Quoique toujours en froid avec le cardinal qui, disait-il, ne vouloit pas des amis, mais des esclaves, Montausier n'en était pas moins assidu au Louvre, où il était bien vu de la reine mère et où l'appelaient d'ailleurs fréquemment les affaires de l'État, les ministres faisant grand cas de son expérience et réclamant volontiers ses conseils dans les circonstances difficiles. Respecté de tous, il imposait à ses ennemis mêmes, et ce fut alors que le jeune roi conçut pour lui ces sentiments de sympathie et d'estime dont il ne lui donna toutefois des preuves qu'après la mort de Mazarin, qui seul disposait encore des faveurs et des emplois.

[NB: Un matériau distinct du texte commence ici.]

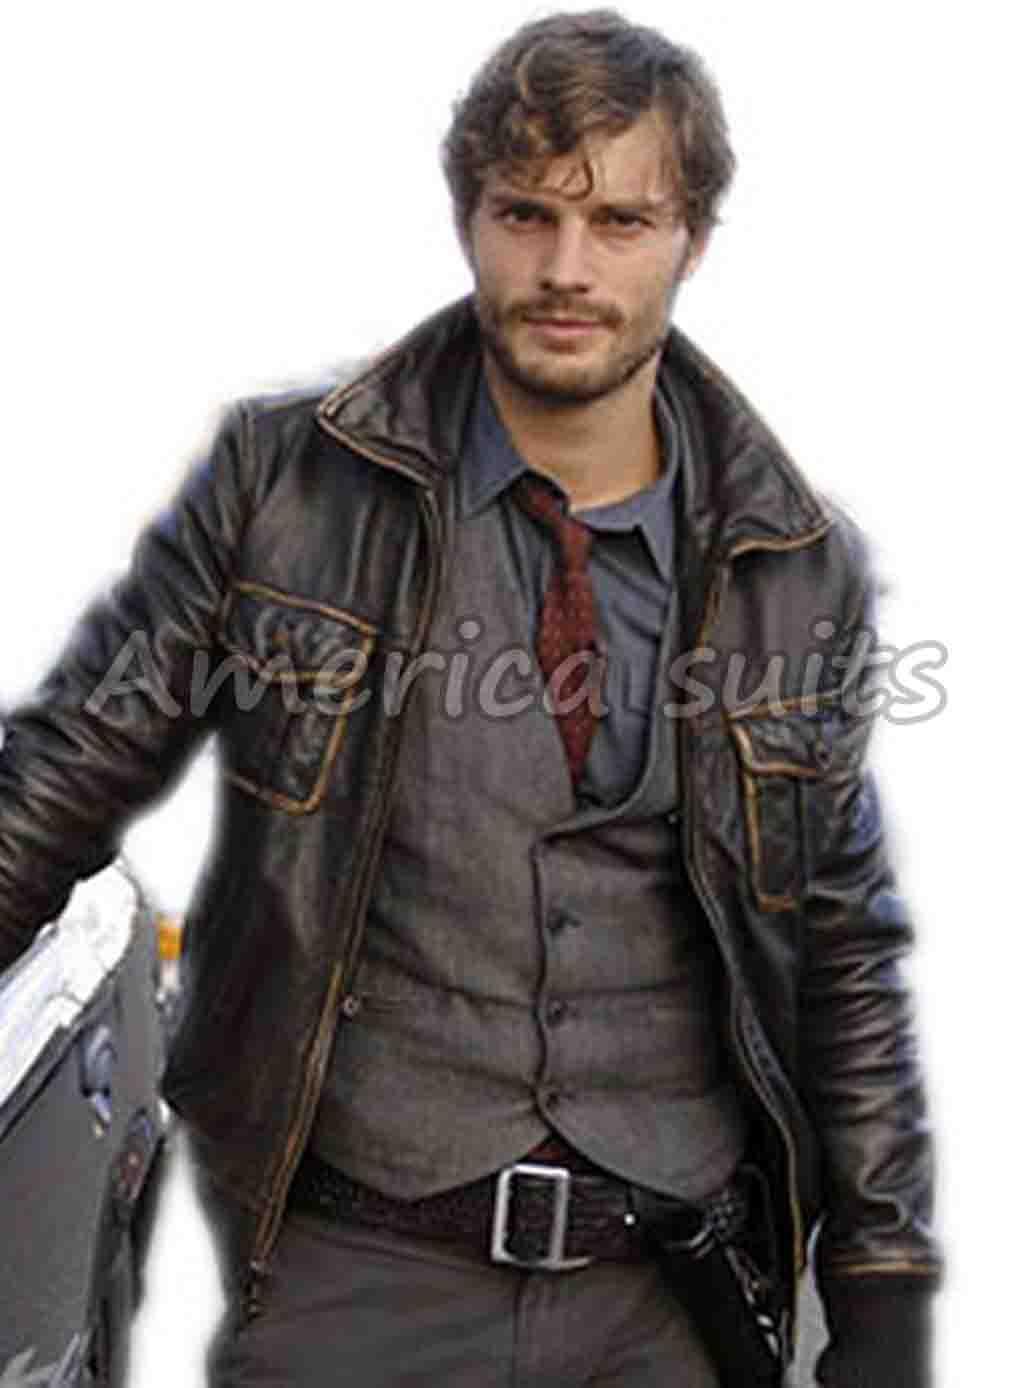 jamie-dornan-once-upo-a time-sheriff -graham-black-leather-jacket-200x200-500x500 (1)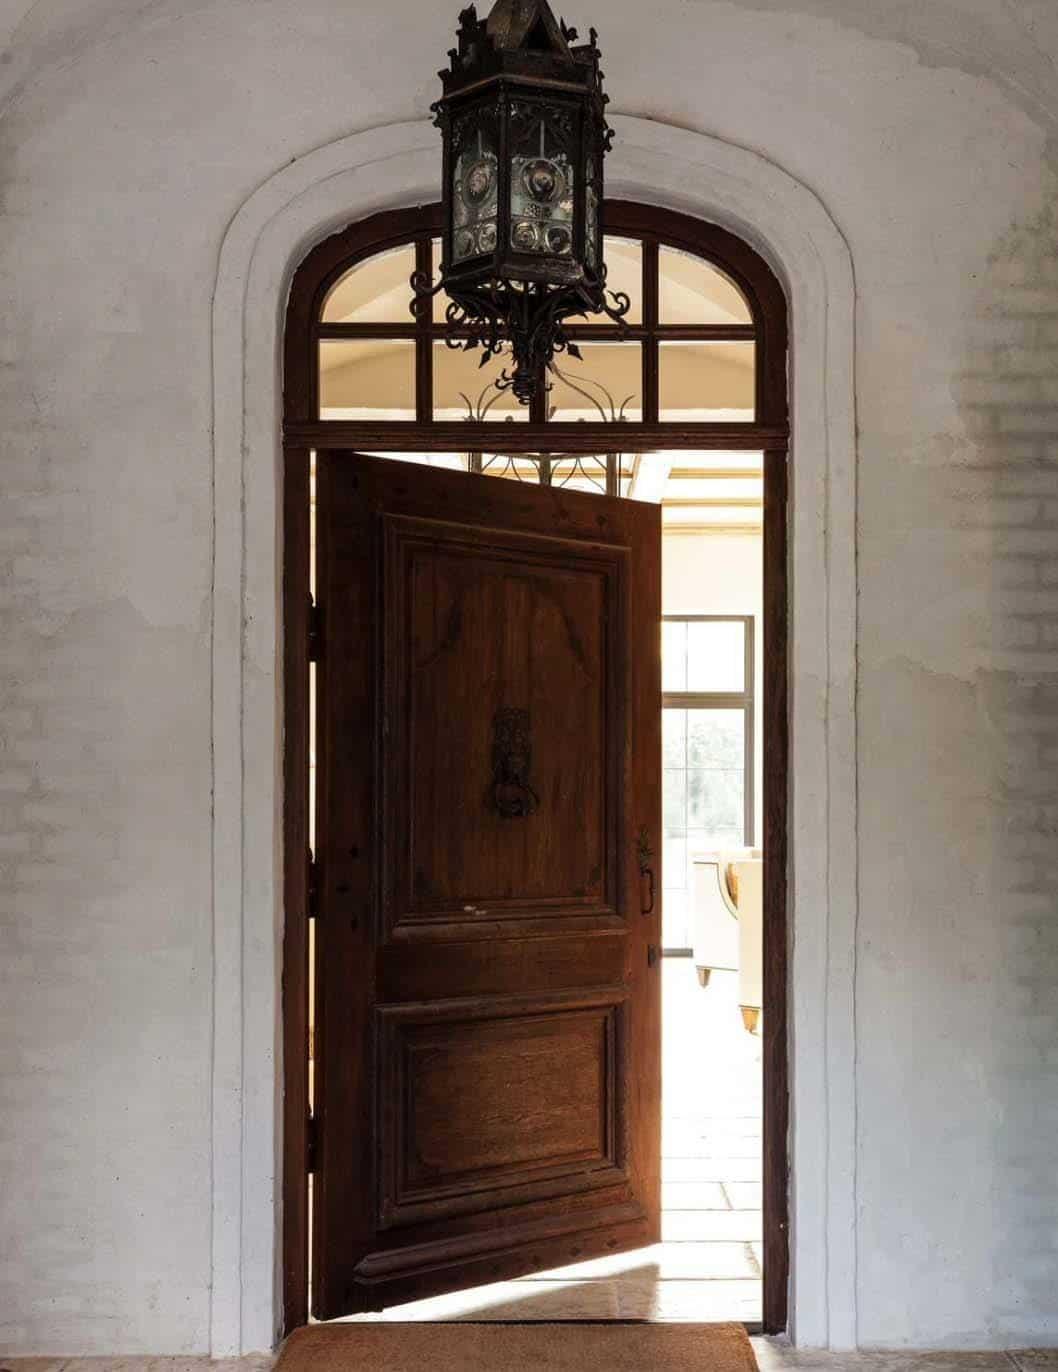 Mediterranean Style Residence-Stocker Hoesterey Montenegro-19-1 Kindesign

Les trois années qui suivirent s'écoulèrent dans un tranquille bonheur, et ne furent signalées par aucun autre événement que le mariage de Mlle de Rambouillet, qui le 27 avril 1658, épousait le comte de Grignan. Cette alliance était convenable sous tous les rapports, et grâce au caractère facile de son mari, Claire d'Angennes put se livrer sans contrainte à ses excentriques allures, et se faire déclarer présidente en titre de cette coterie de précieuses que Molière allait bientôt couvrir d'un ridicule immortel. Ce n'était plus le temps de Voiture, où la société en grande partie féminine de l'hôtel de Rambouillet polissait une langue encore grossière, et faisait accepter ses arrêts par les esprits les plus distingués du XVIIe siècle[ [77]. La seconde génération était complétement dégénérée et ses écarts firent malheureusement retomber un peu du discrédit que méritaient à juste titre les fausses précieuses, sur les précieuses illustres que Malherbe et Corneille écoutaient avec respect et consultaient avec fruit.